▶ Work item
One exact copy of the listing is needed. It should contain no pictures.

▶ Data excerpt
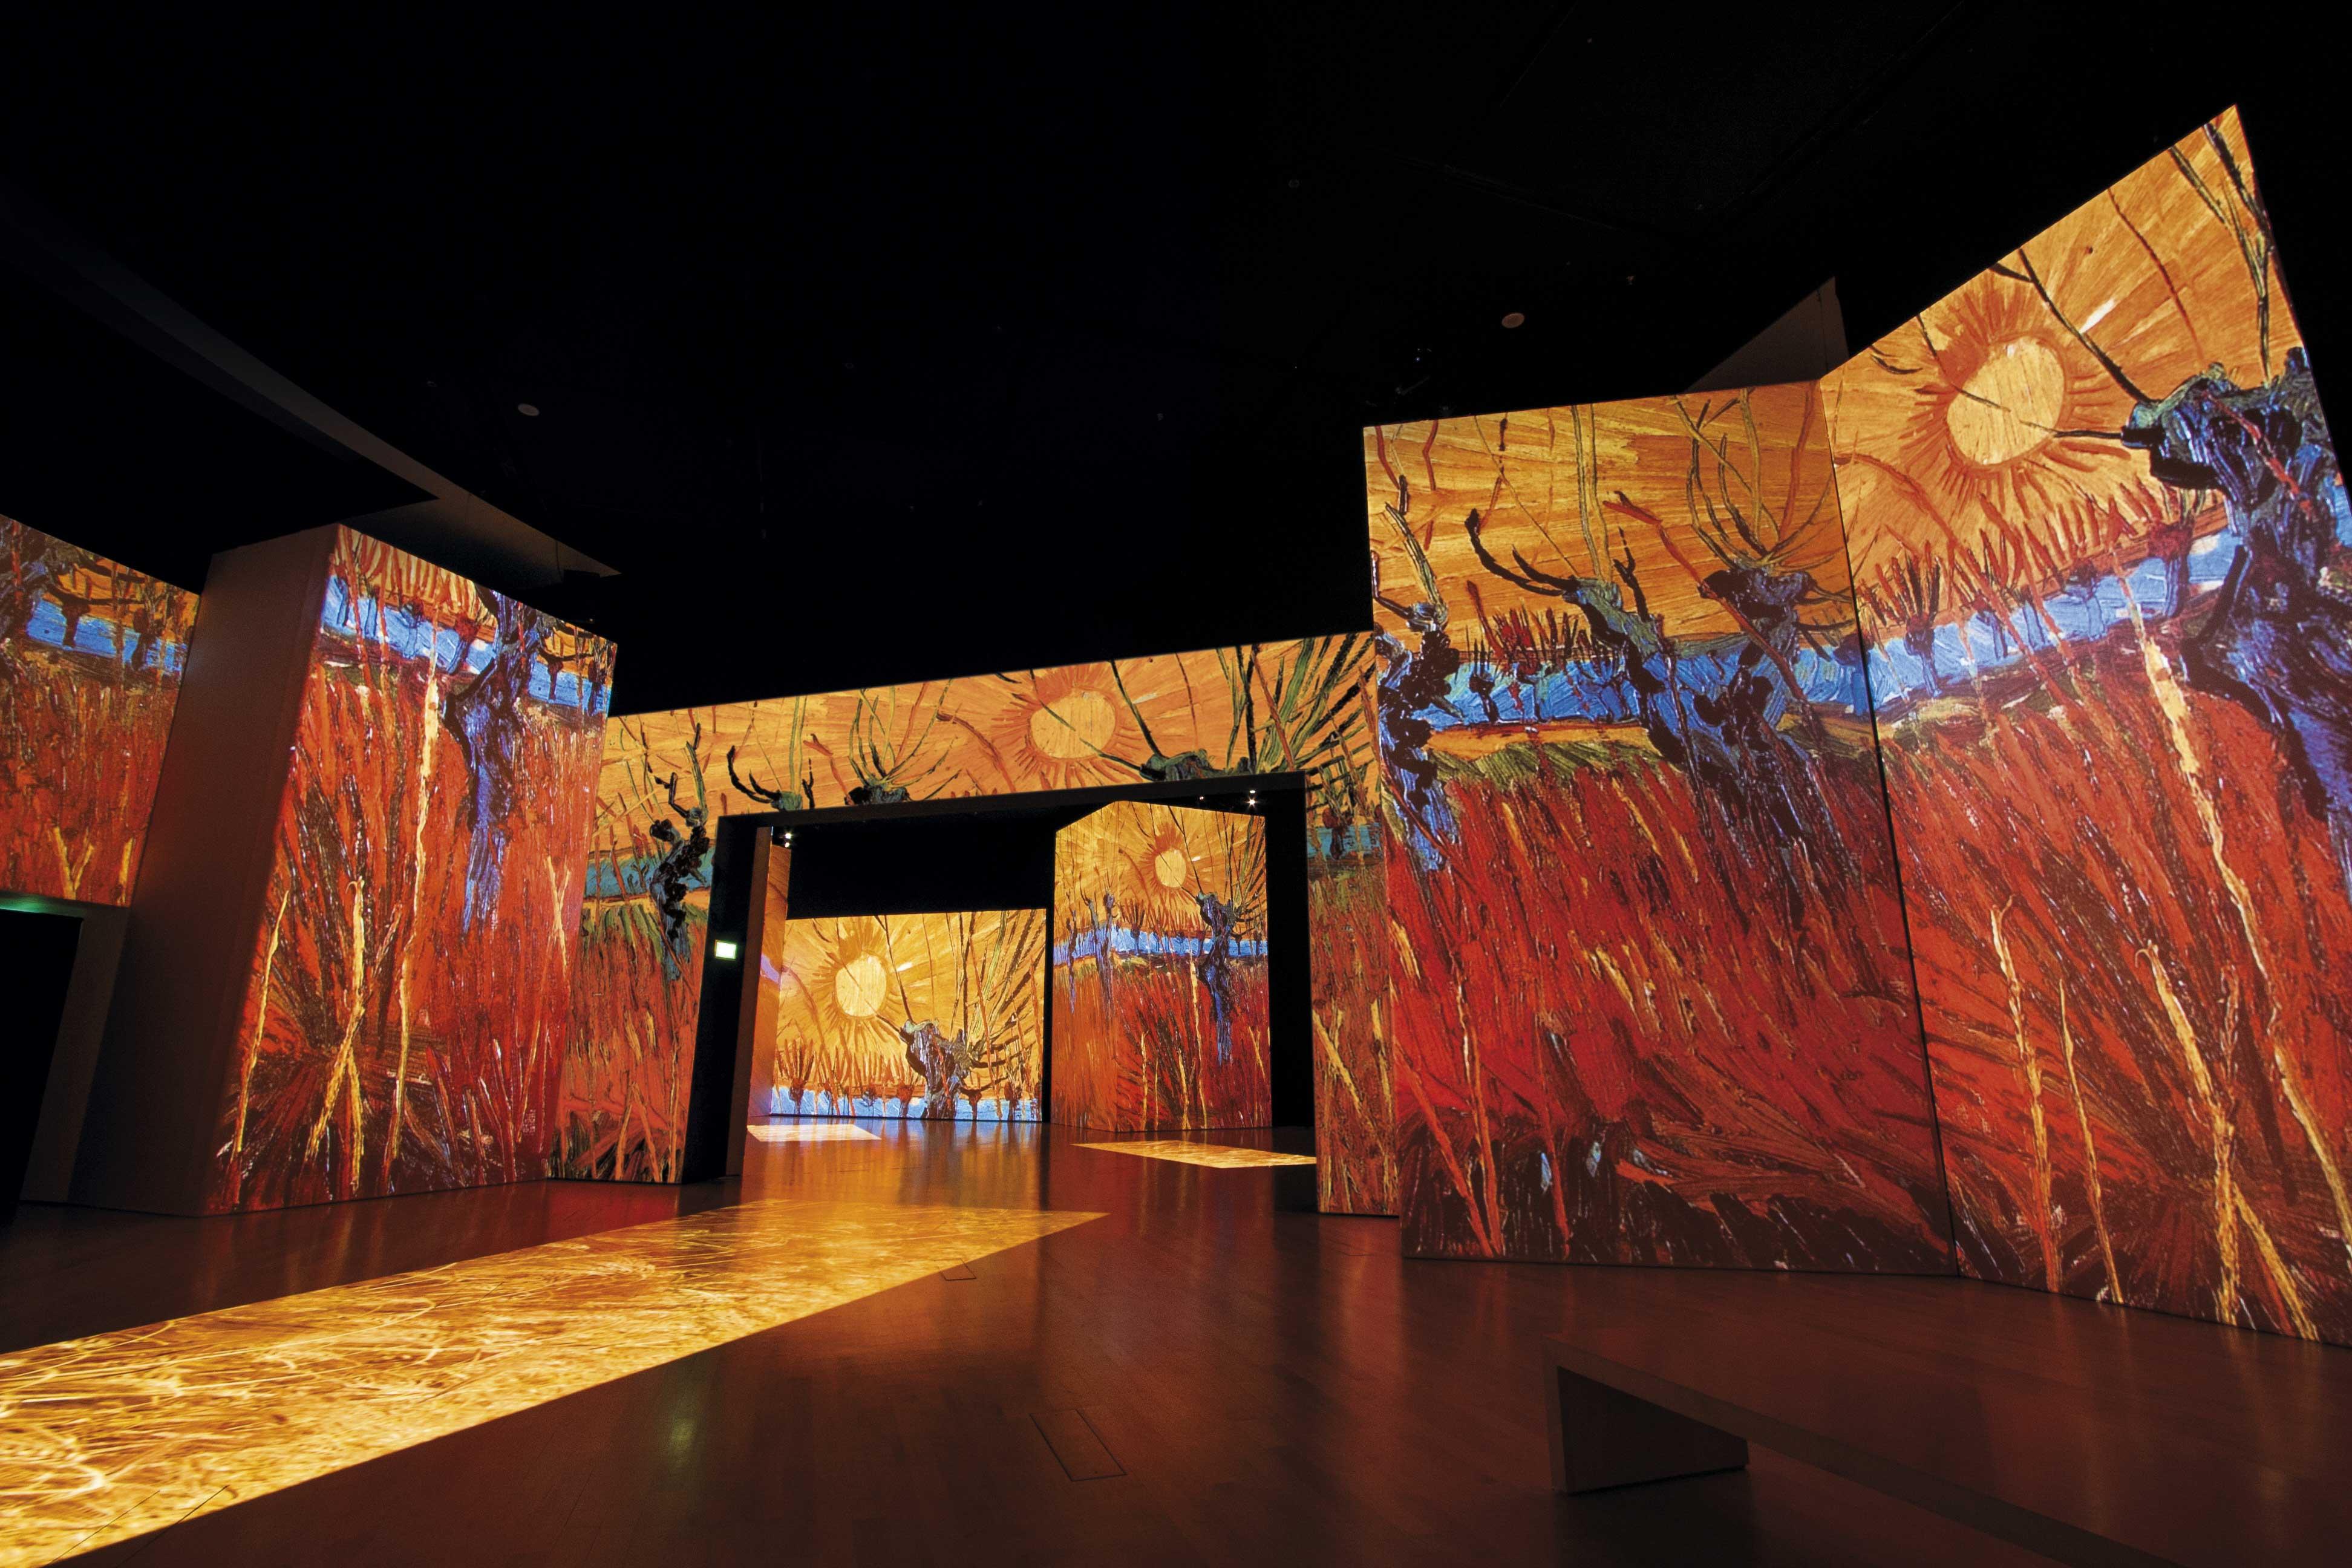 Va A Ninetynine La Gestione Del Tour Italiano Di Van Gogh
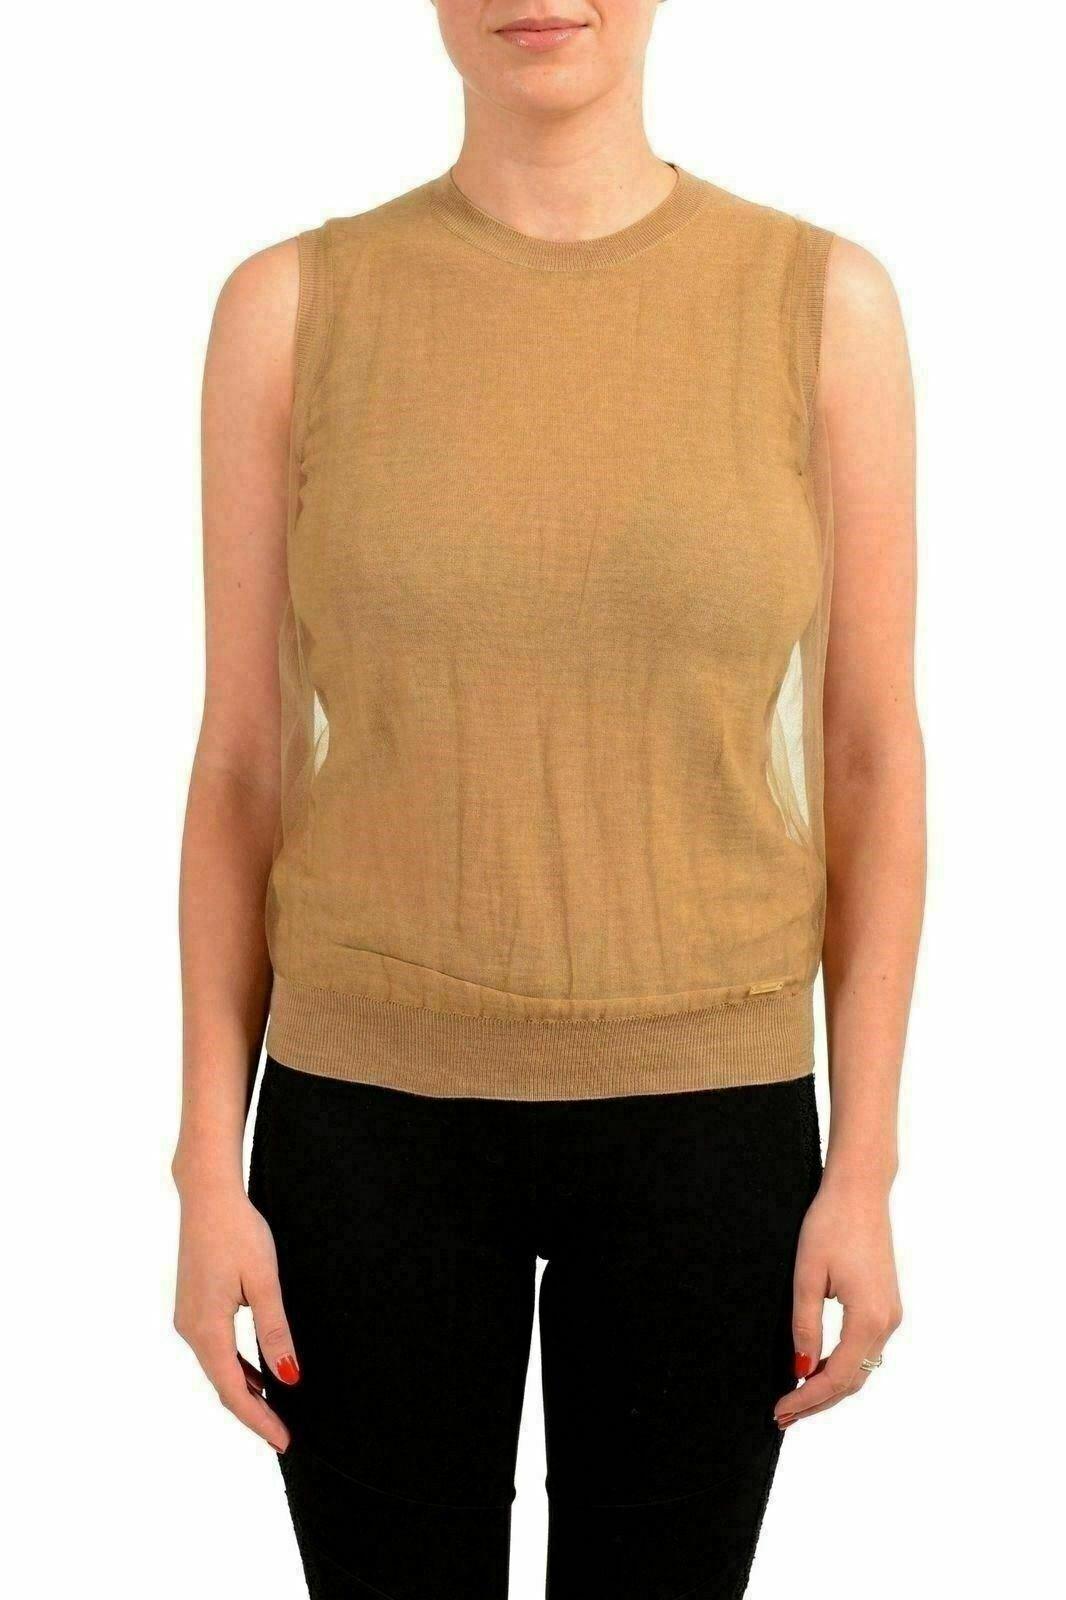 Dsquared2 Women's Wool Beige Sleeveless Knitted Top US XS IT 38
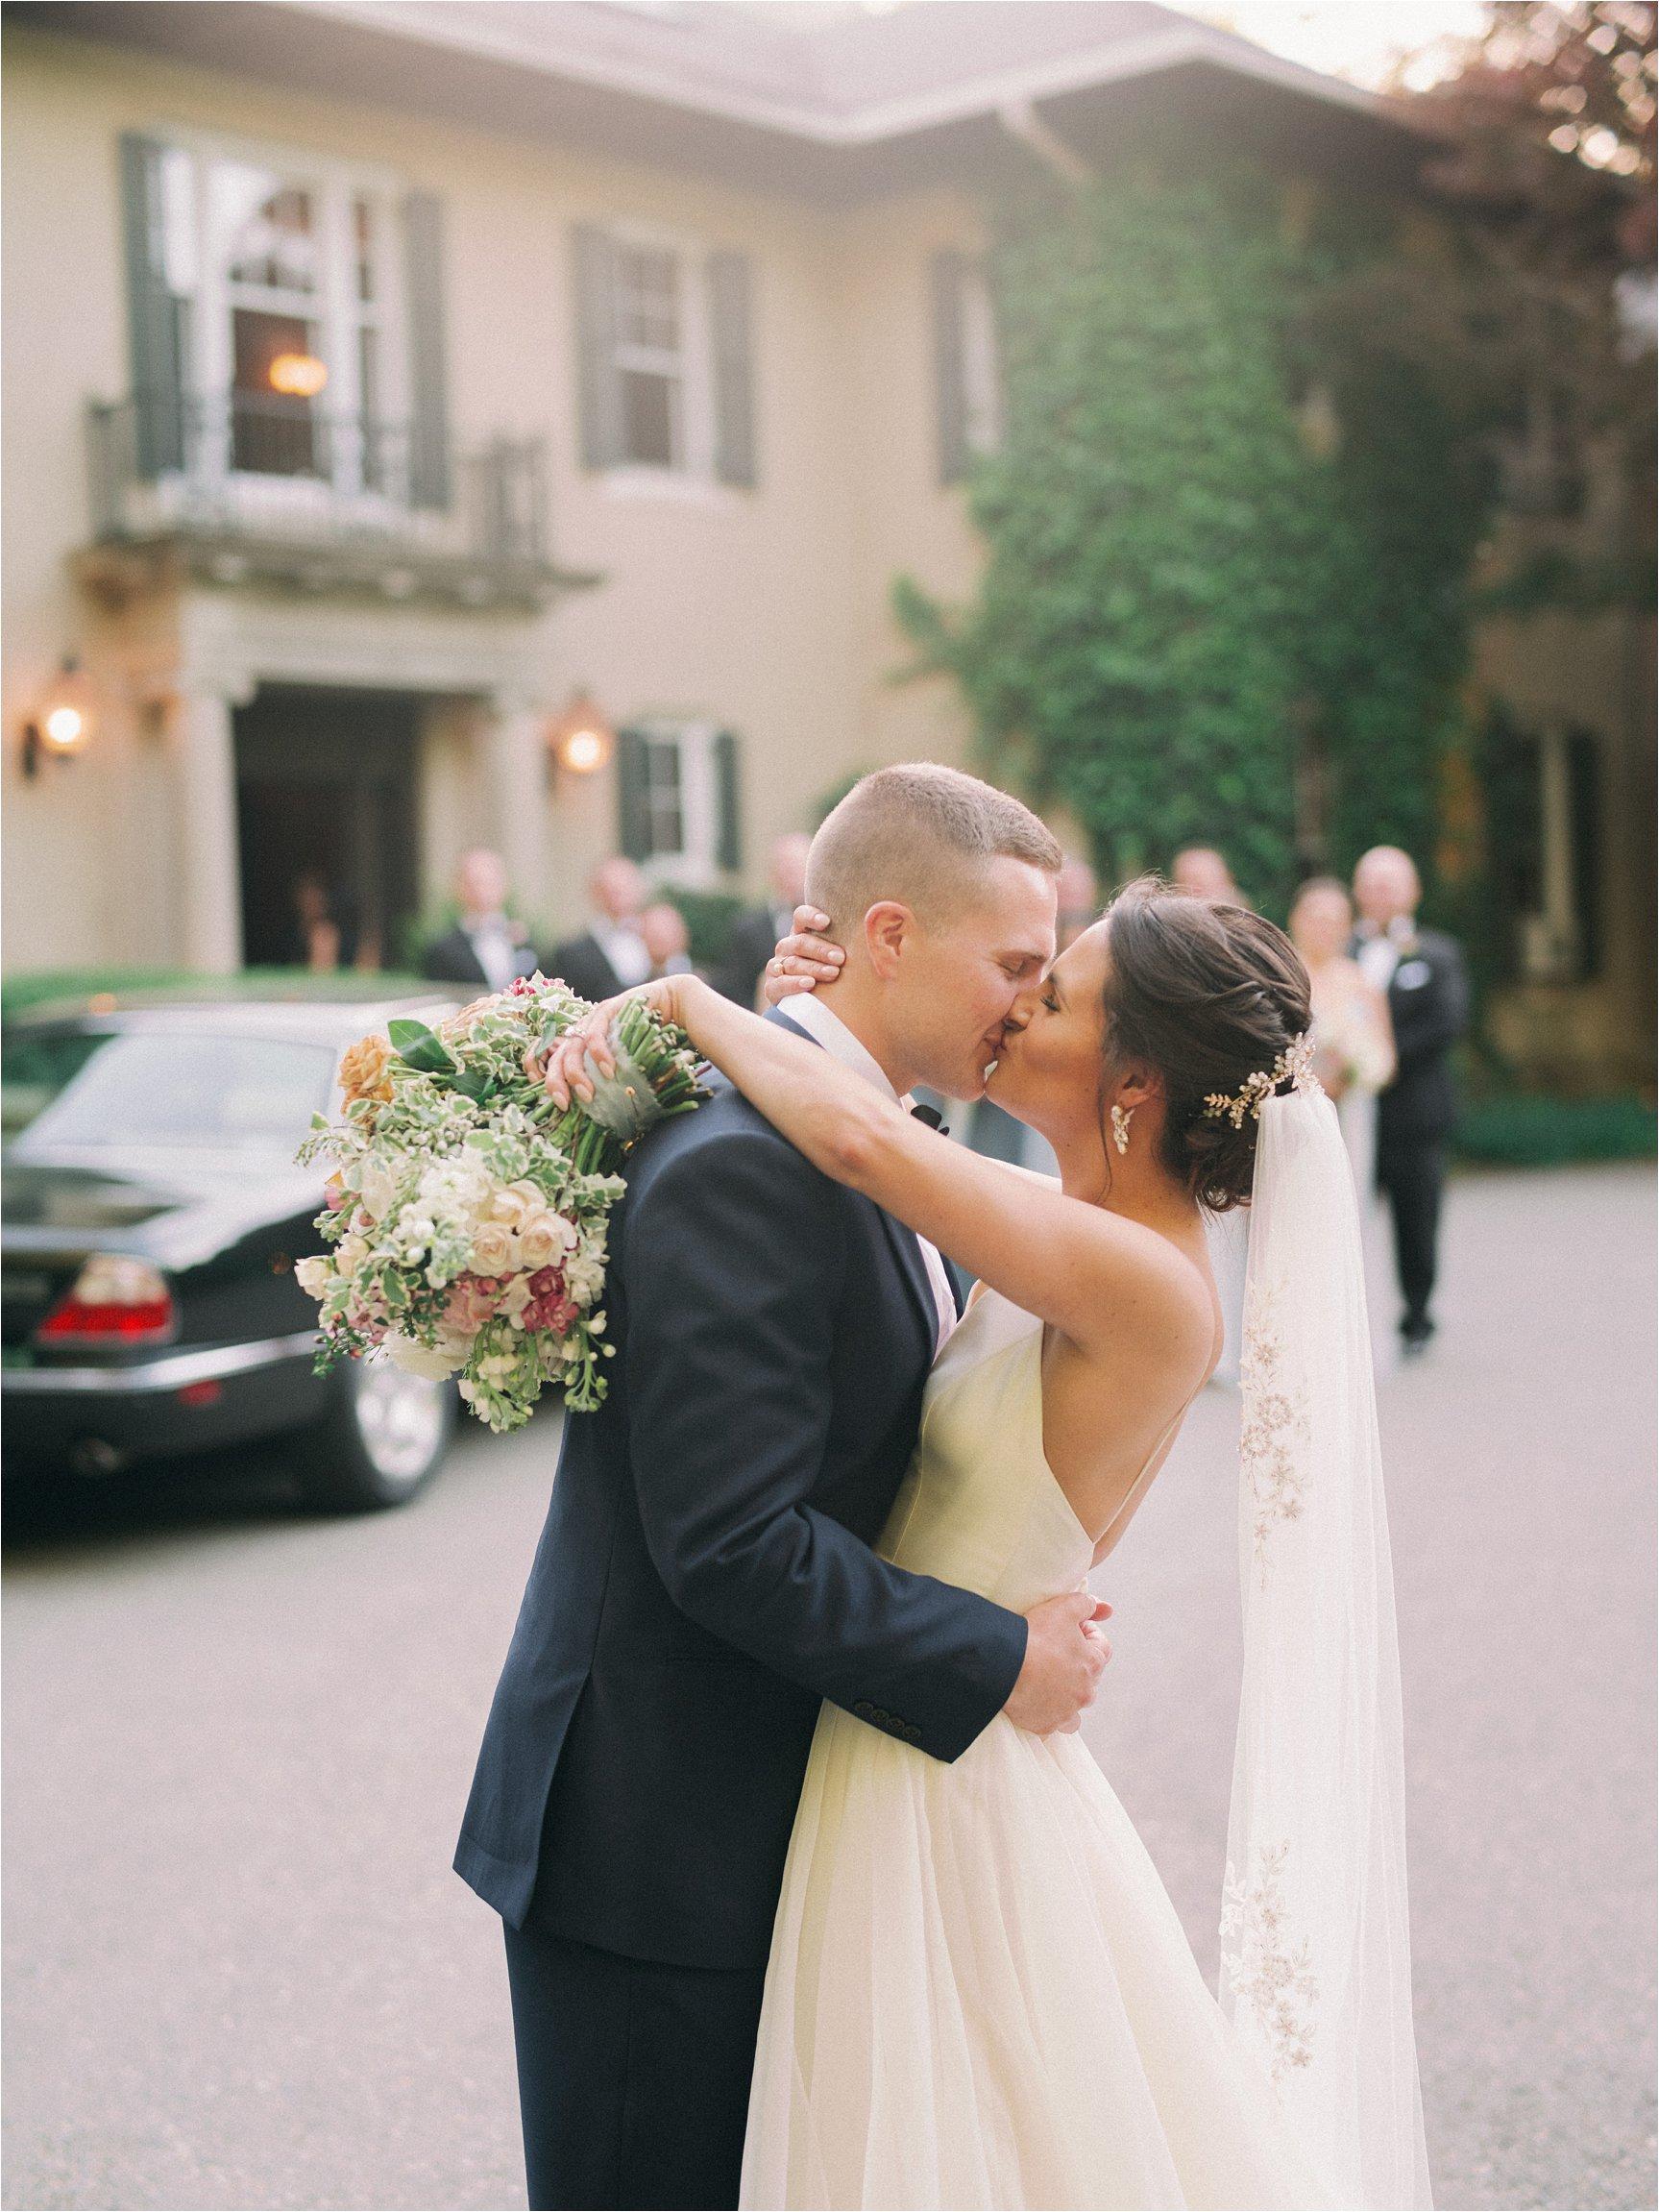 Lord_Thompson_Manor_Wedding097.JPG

▶ Written response
 Va A Ninetynine La Gestione Del Tour Italiano Di Van Gogh
 Dsquared2 Women's Wool Beige Sleeveless Knitted Top US XS IT 38
 Lord_Thompson_Manor_Wedding097.JPG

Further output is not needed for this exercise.